* _YOUR INSTRUCTIONS_: Return the complete listing exactly as it reads, with each picture removed.

* _INFORMATION SHOWN_:
•••••
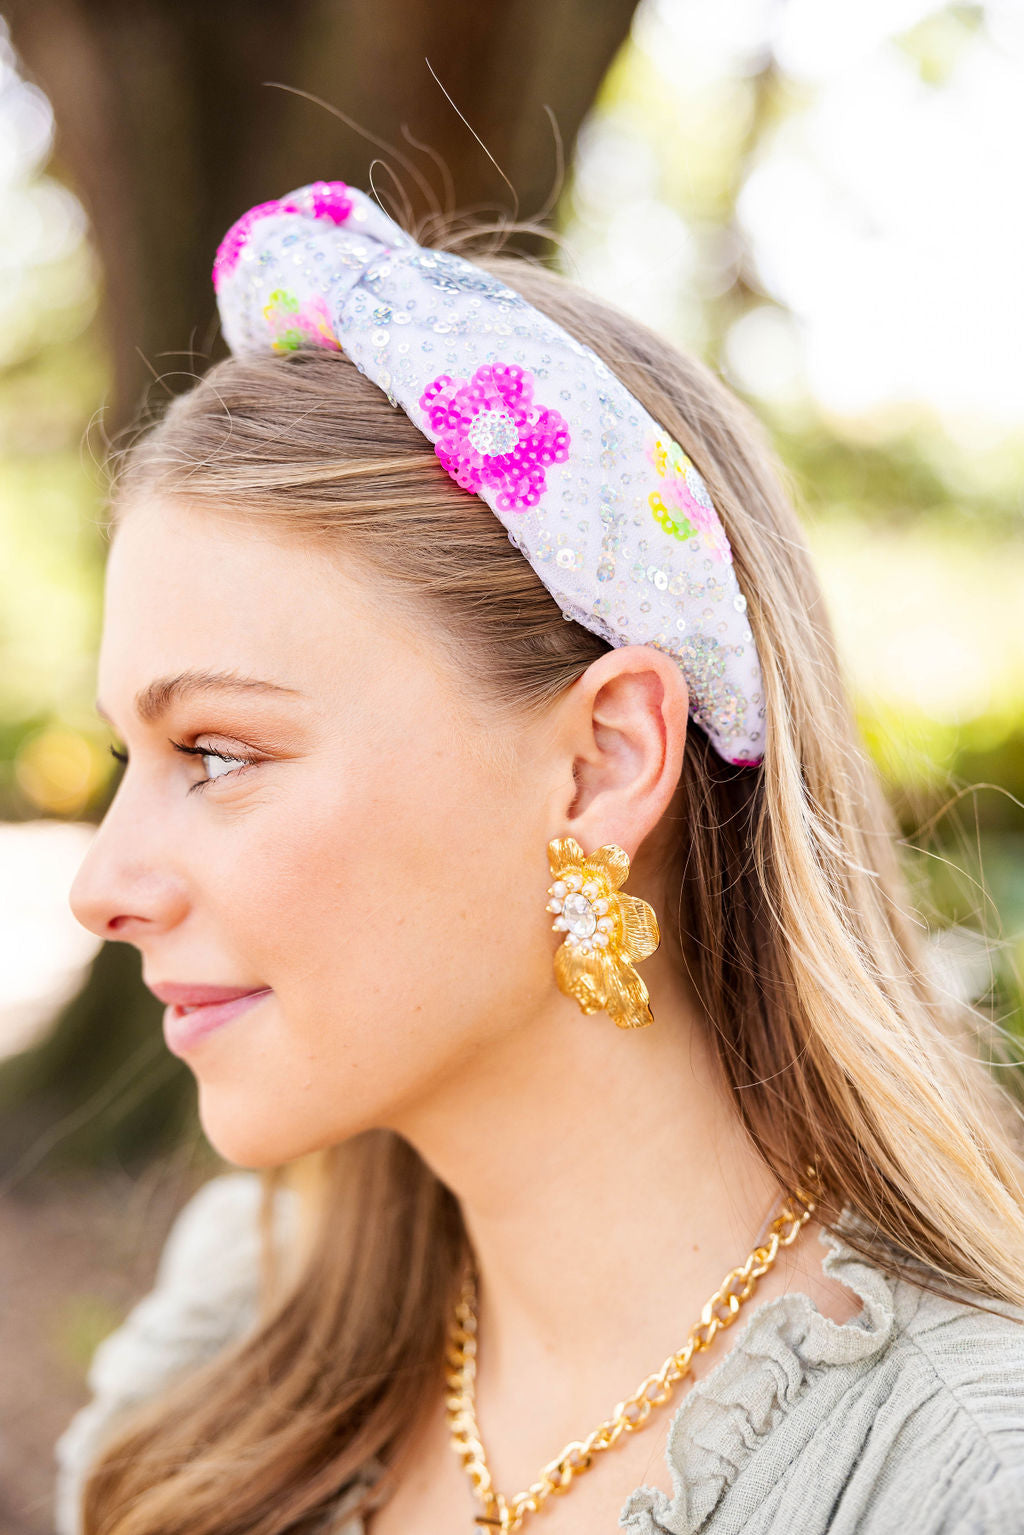 Adult Size Sequin Headband with Bright Flowers
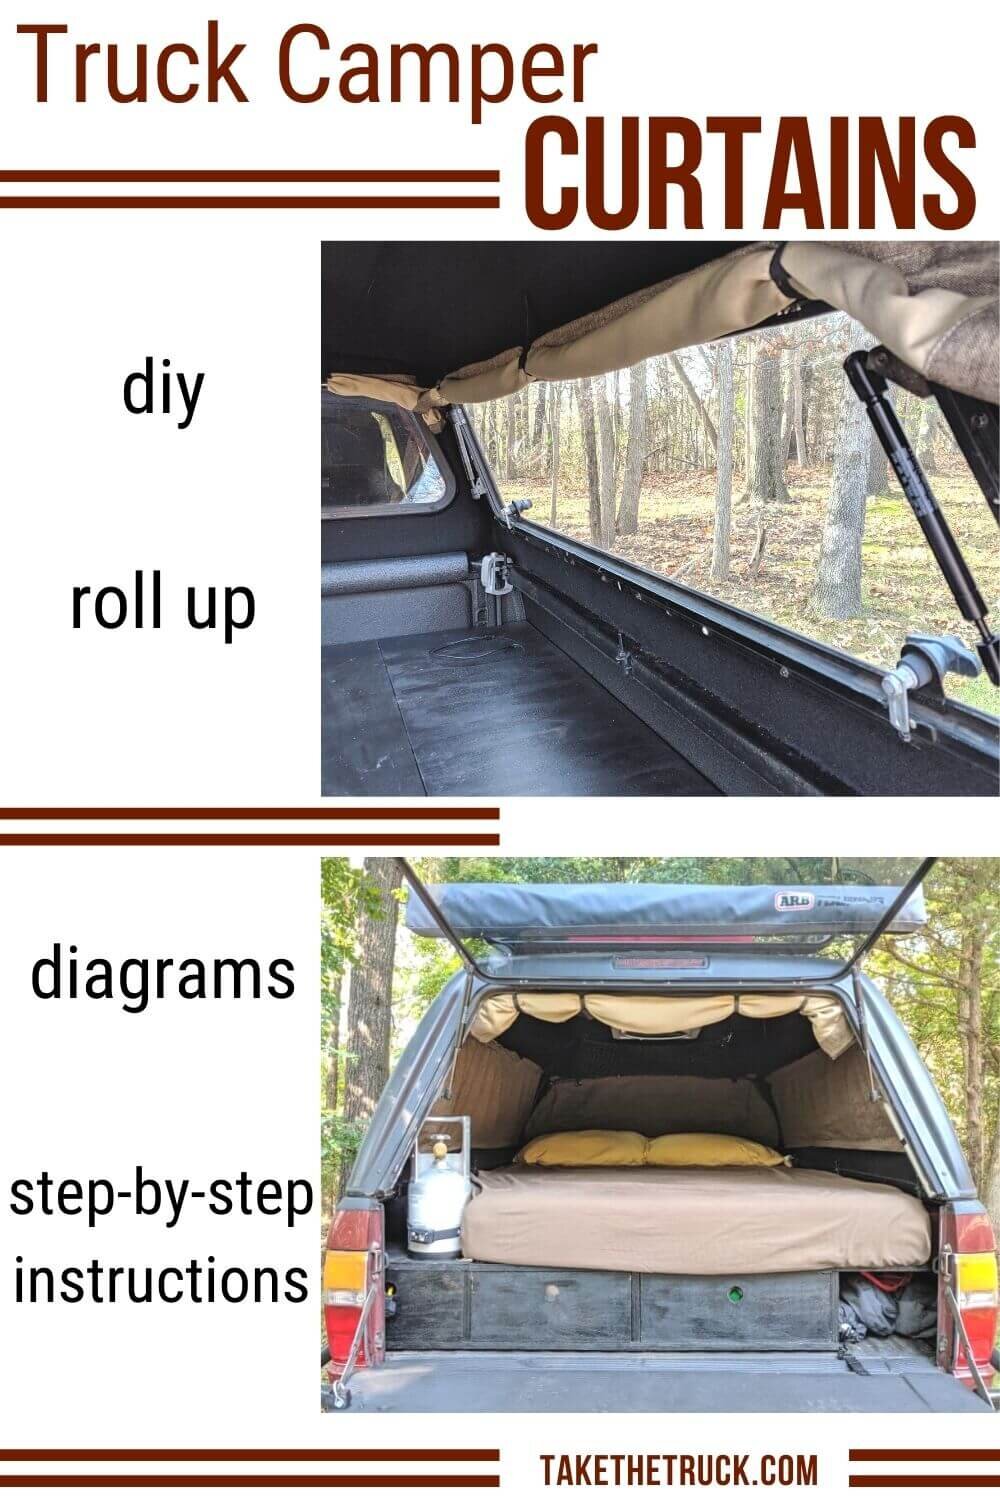 Guide for making DIY camper shell curtains.
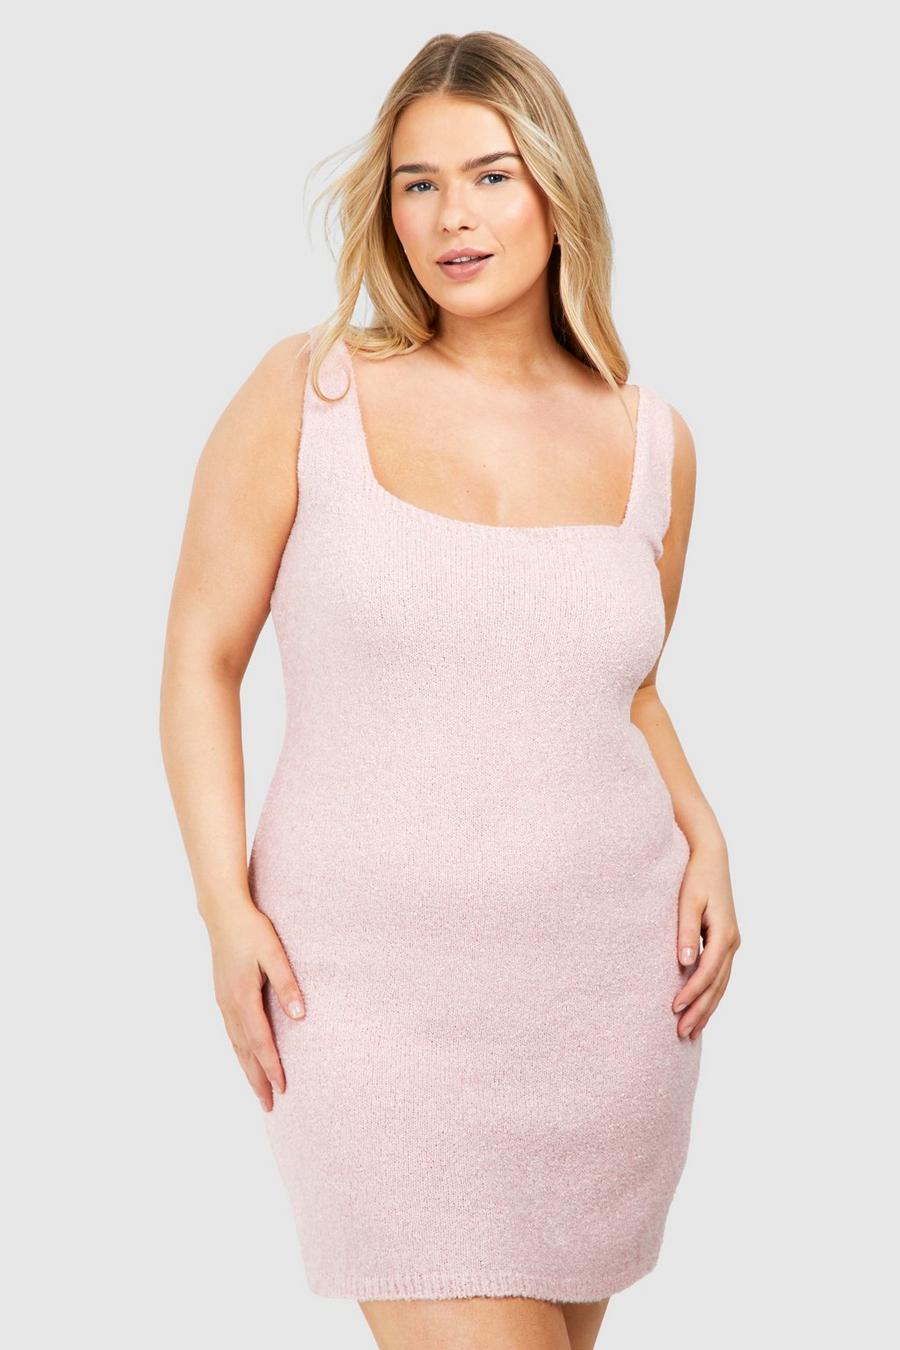 Grande taille - Robe courte à col carré, Baby pink
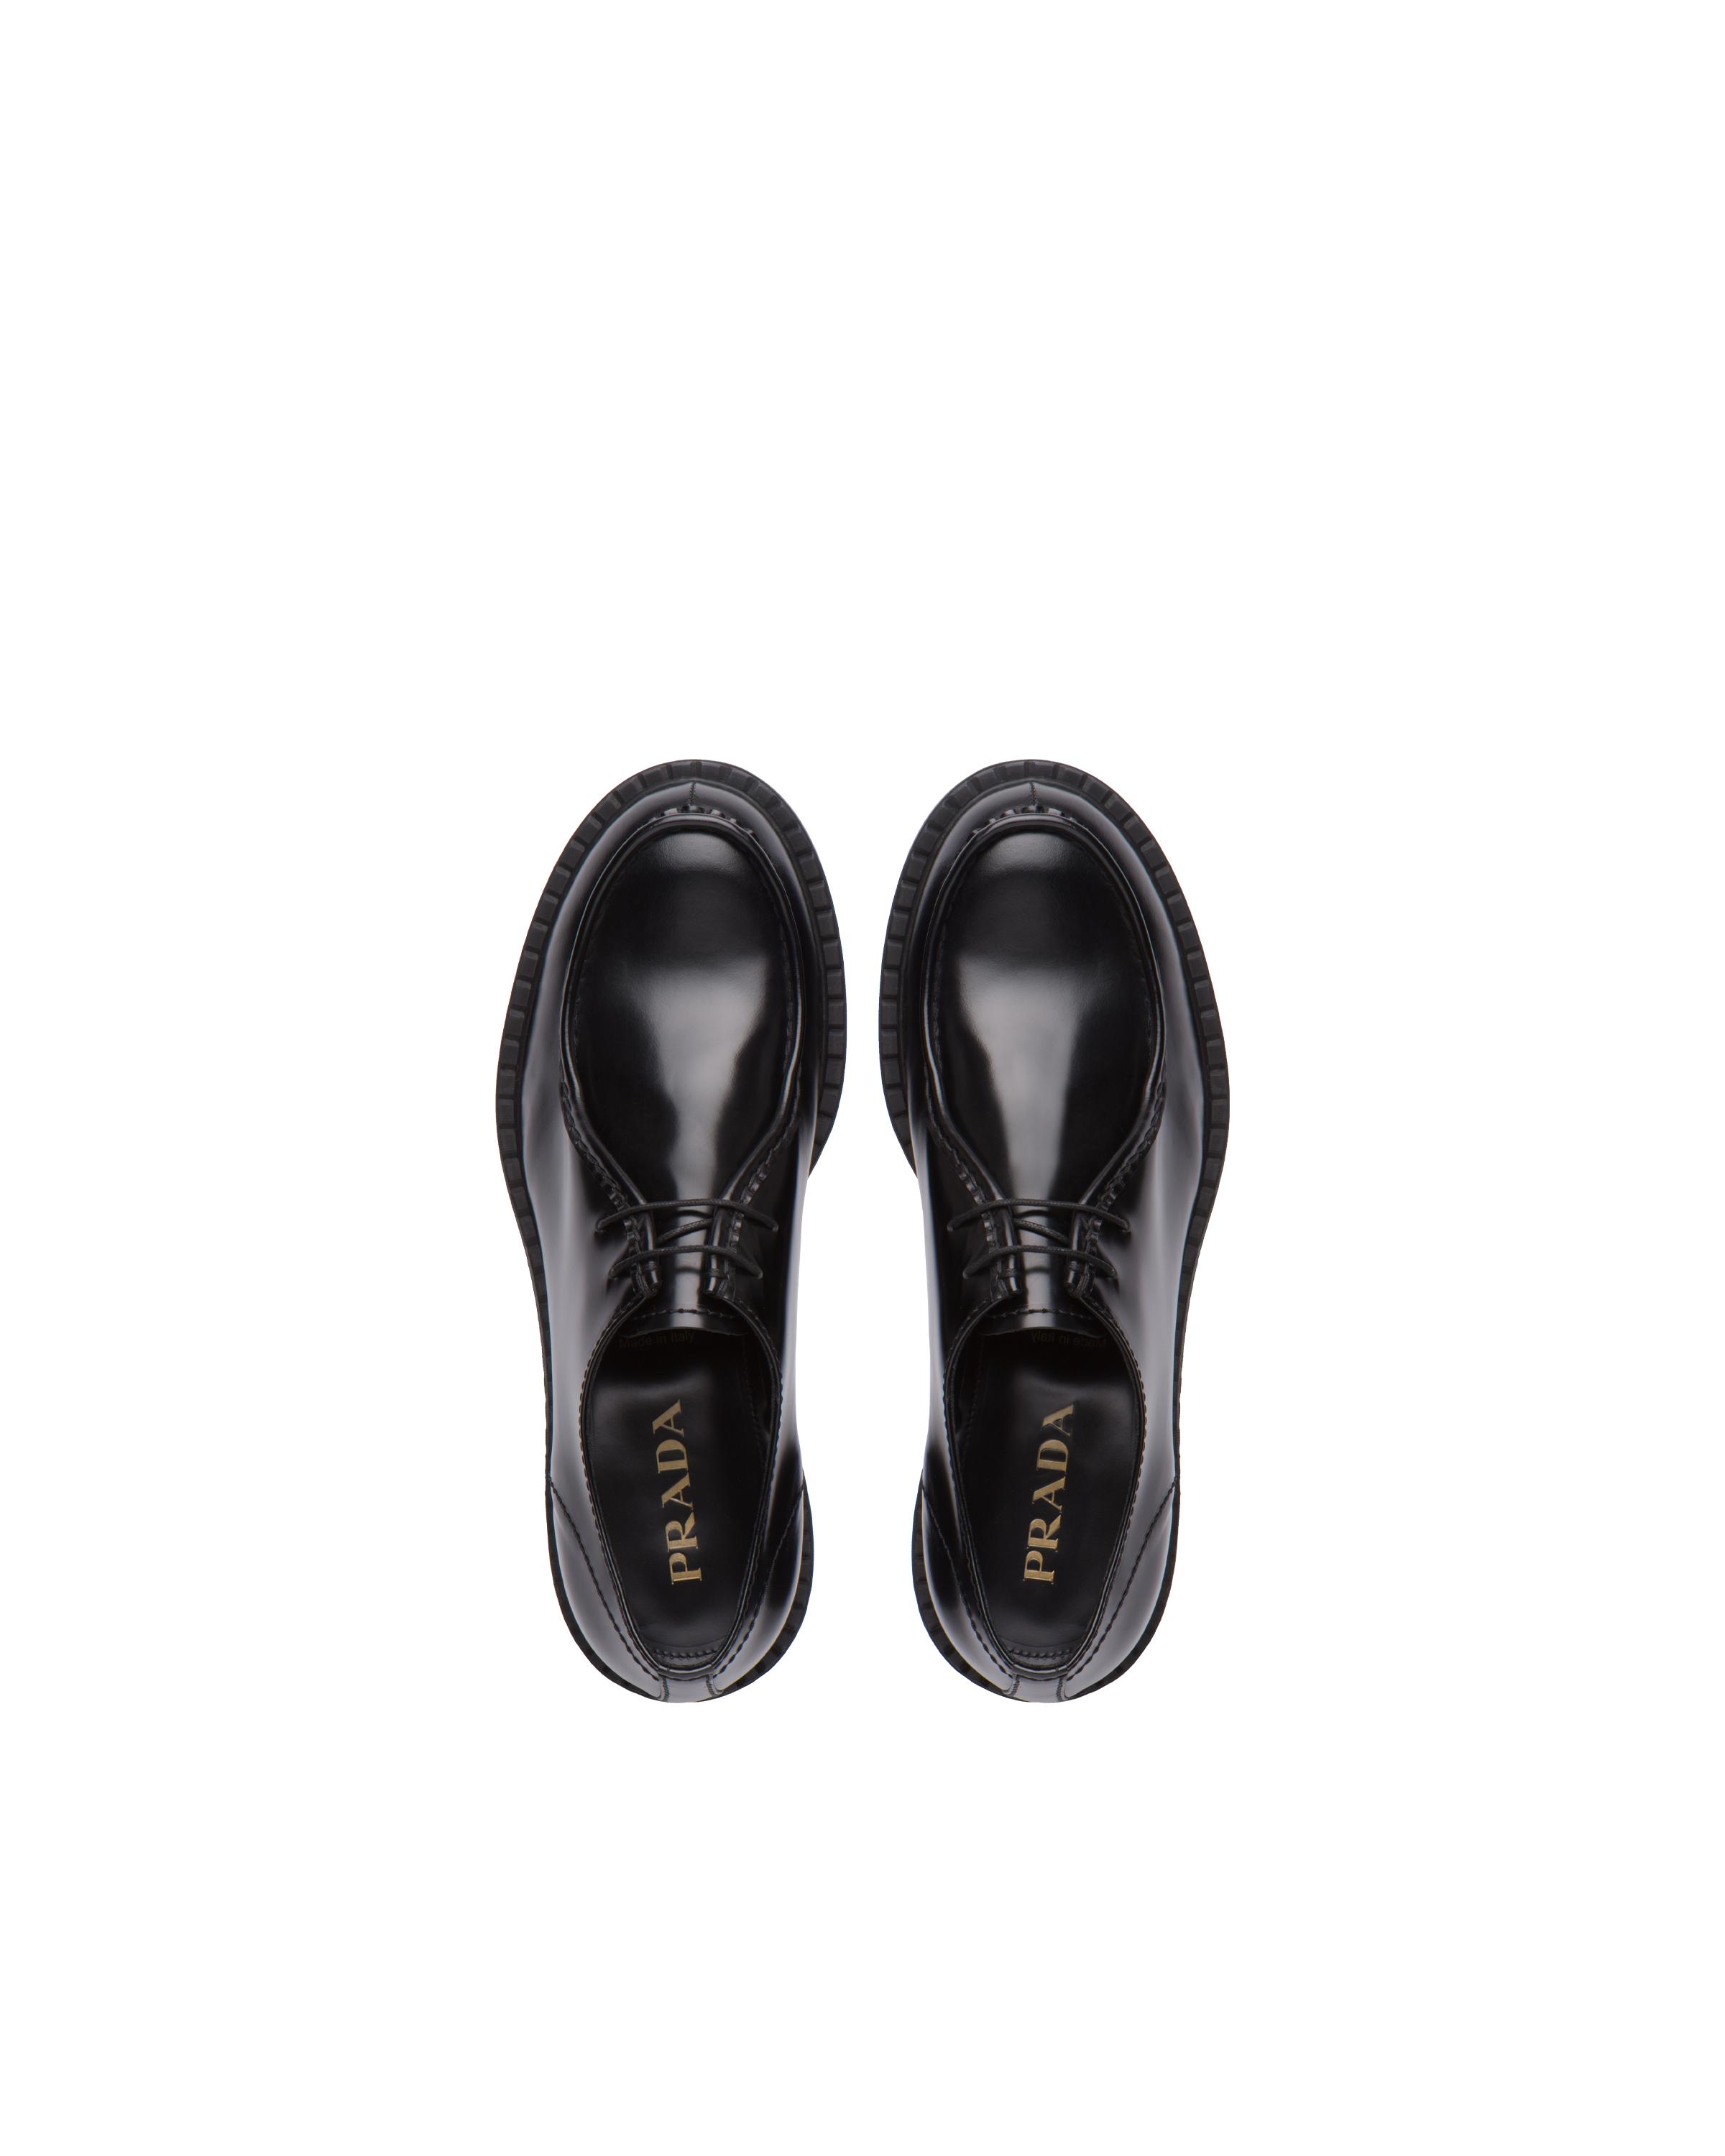 Prada Brushed Leather Laced Shoes in Black for Men - Lyst
•••••
* _RESPONSE TO THE EXERCISE_:
 Adult Size Sequin Headband with Bright Flowers
 Guide for making DIY camper shell curtains.
 Grande taille - Robe courte à col carré, Baby pink
 Prada Brushed Leather Laced Shoes in Black for Men - Lyst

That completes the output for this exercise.